On the storage side, clusters can now consume storage from a shared Elastic SAN pool rather than provisioning and managing individual disks per workload. This simplifies capacity planning for stateful workloads with variable demands and reduces provisioning overhead at scale.
For teams that need a more accessible entry point to Kubernetes itself, Burns notes that AKS desktop is now generally available. It brings a full AKS experience to a user’s desktop, making it straightforward for developers to run, test and iterate on Kubernetes workloads locally with the same configuration they’ll use in production.
Microsoft, the Open Source Company, Right?

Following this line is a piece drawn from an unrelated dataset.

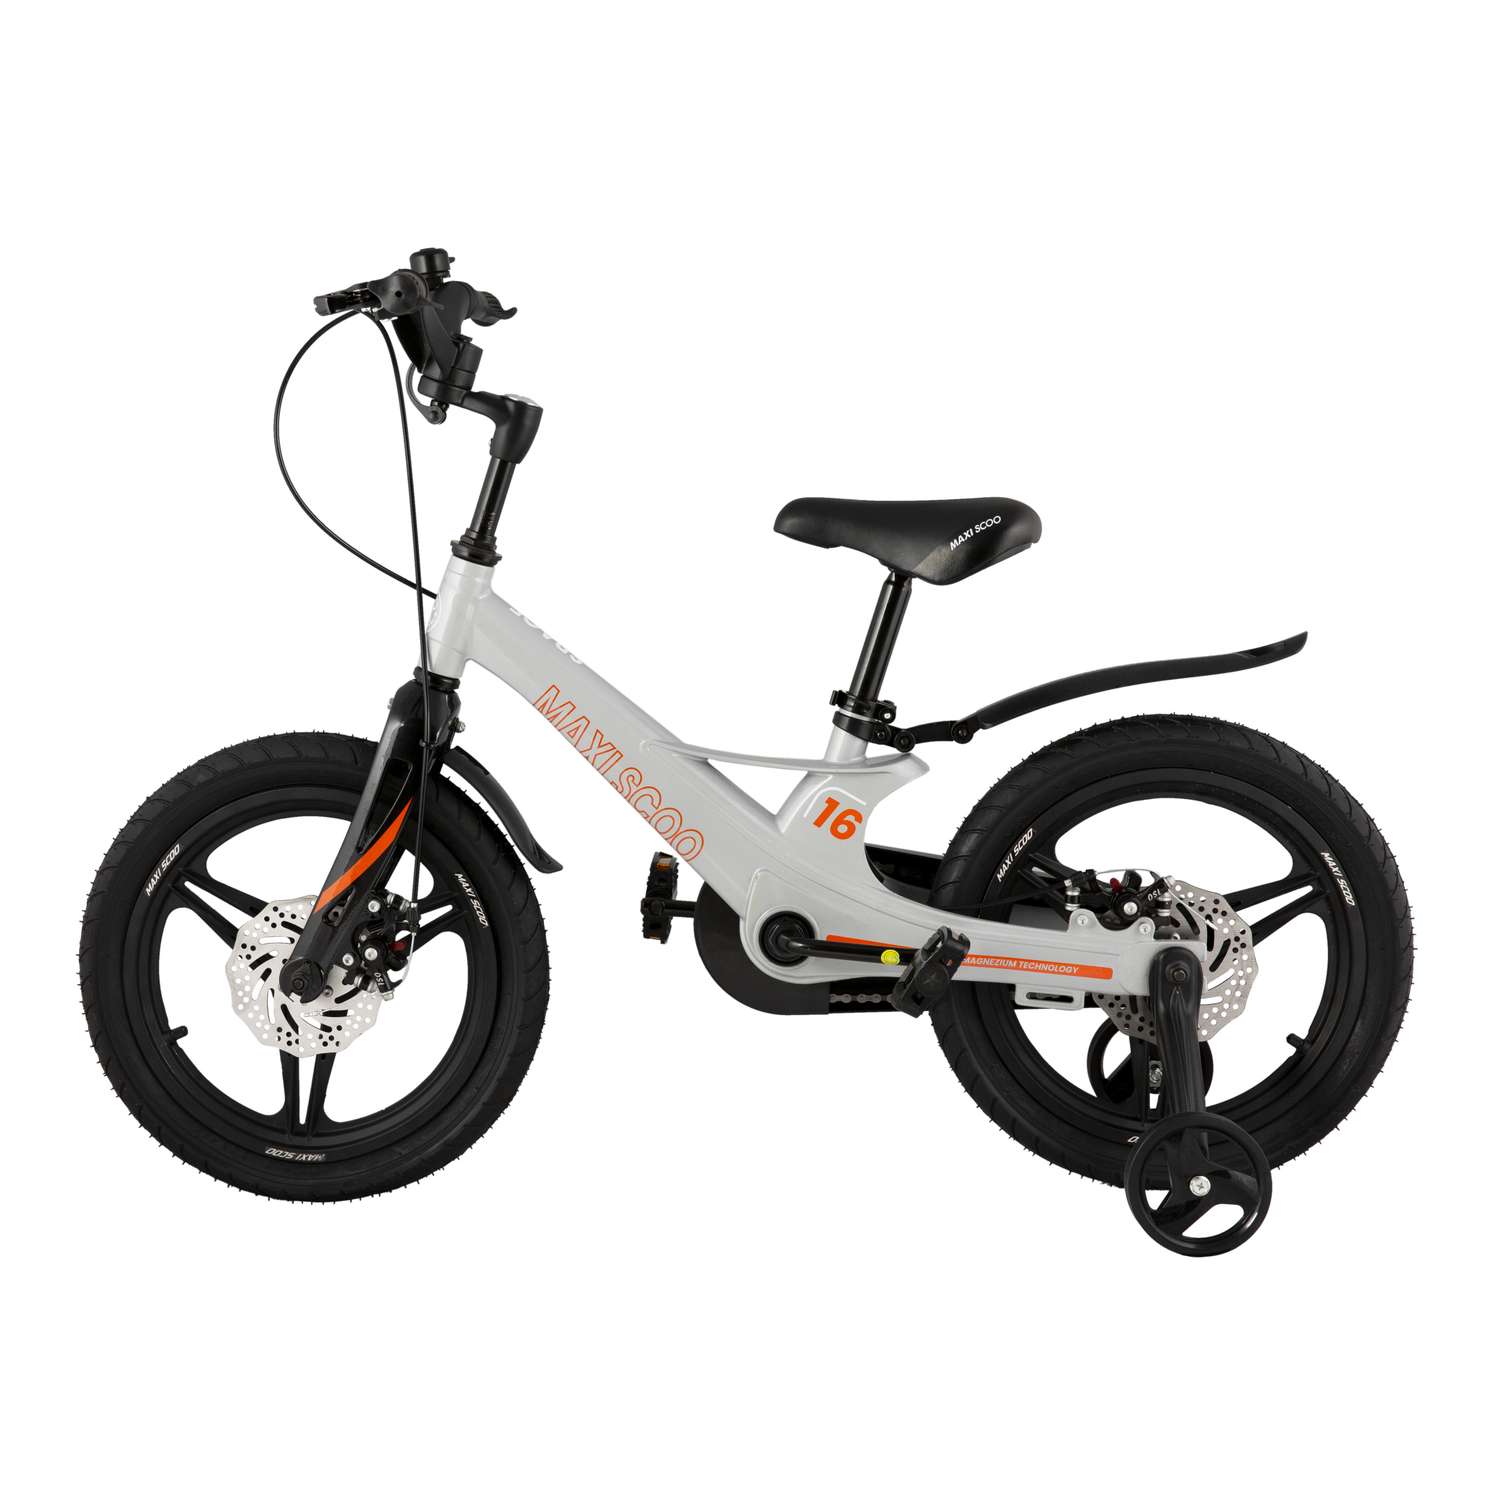 Детский двухколесный велосипед Maxiscoo Space делюкс 16 графит - фото 2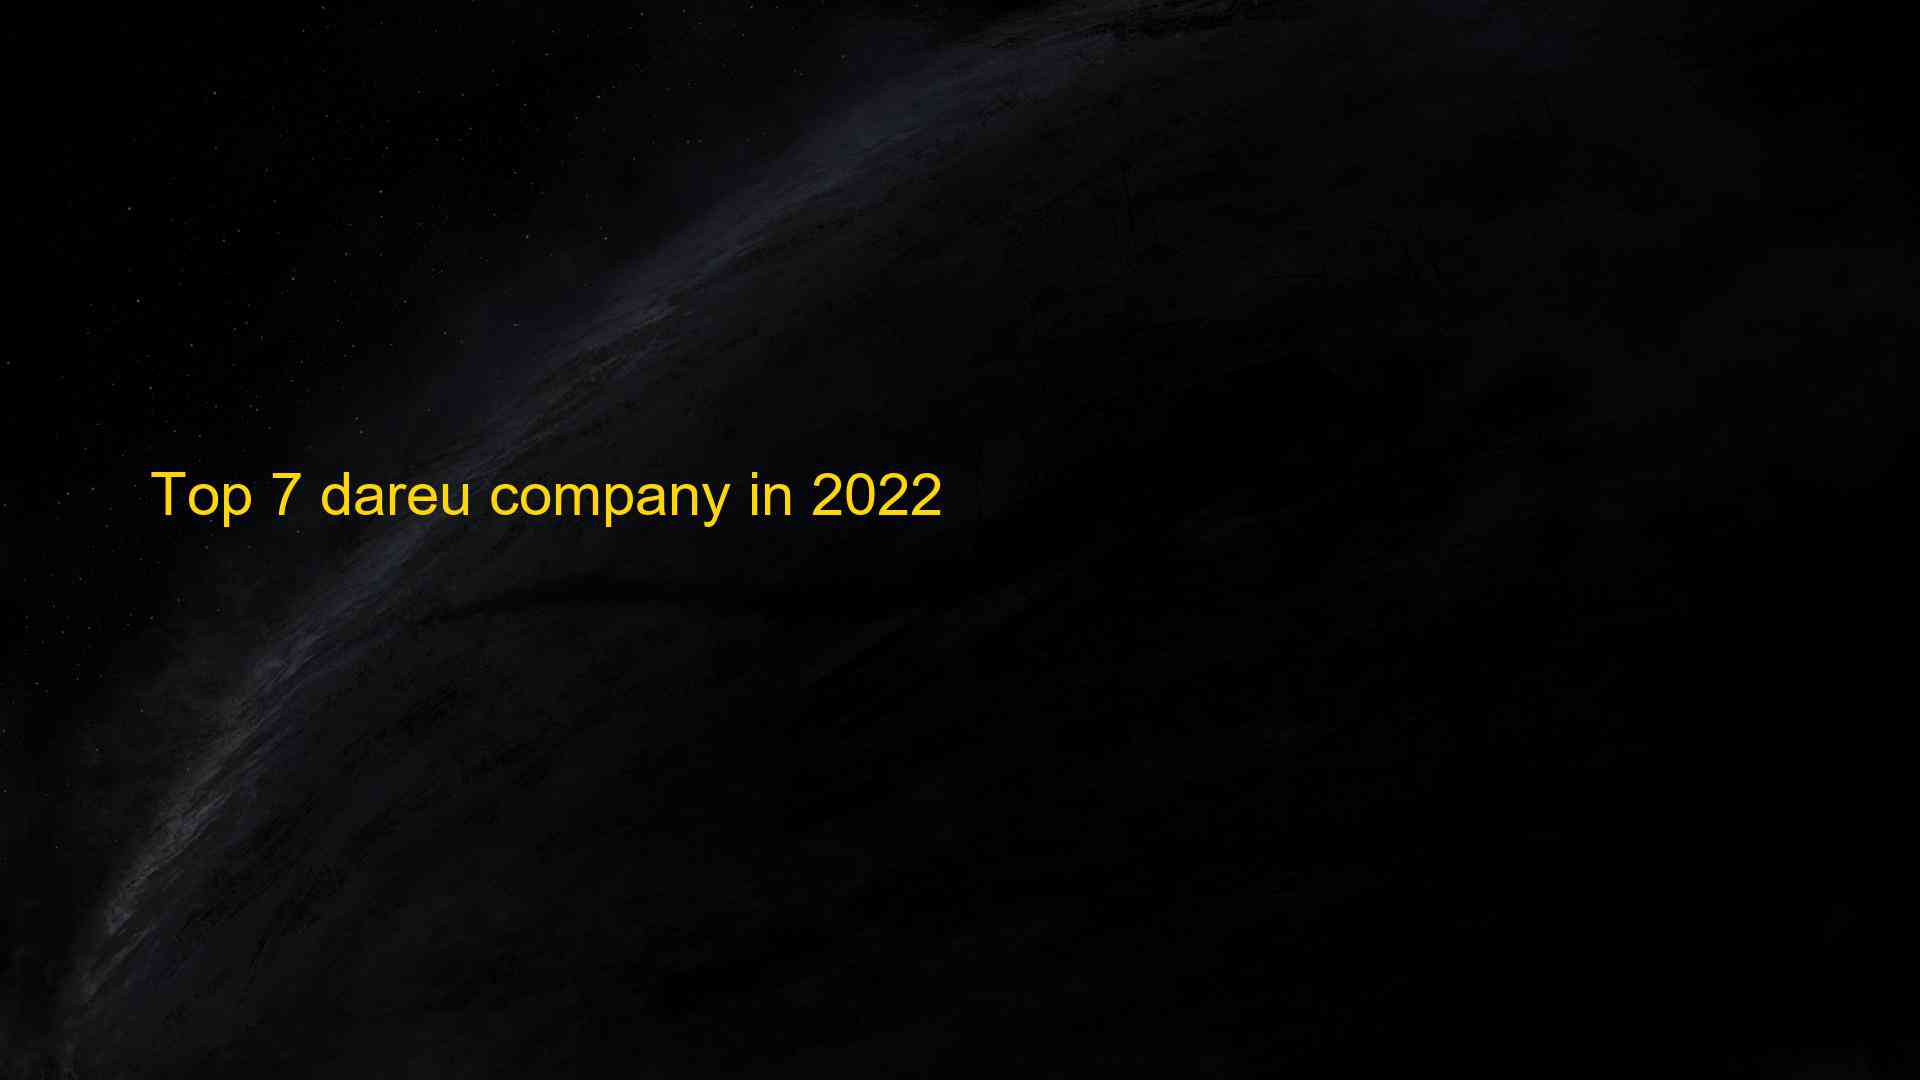 Top 7 dareu company in 2022 1660035083

Microsoft has clearly been busy; it wants to extend its development efforts into every trunk road and tributary of the Kubernetes universe, and the company has clearly moved to embrace a solidified open source proposition.
Long gone are the days of “Linux is a cancer,” as we know. Over the last decade or so, under the purview of CEO Nadella, Microsoft initially positioned itself in zones where it could reap revenue from open projects “as long as they worked through the MSFT stack,” and even that initial knee-jerk reaction is now a thing of the past.
As we hear the company talk about the need for shared operational philosophy & interfaces, it almost feels like the Agile manifesto 2.0 all over again, i.e., we need to look at the way we work, before starting the work… and this time, work starts with community.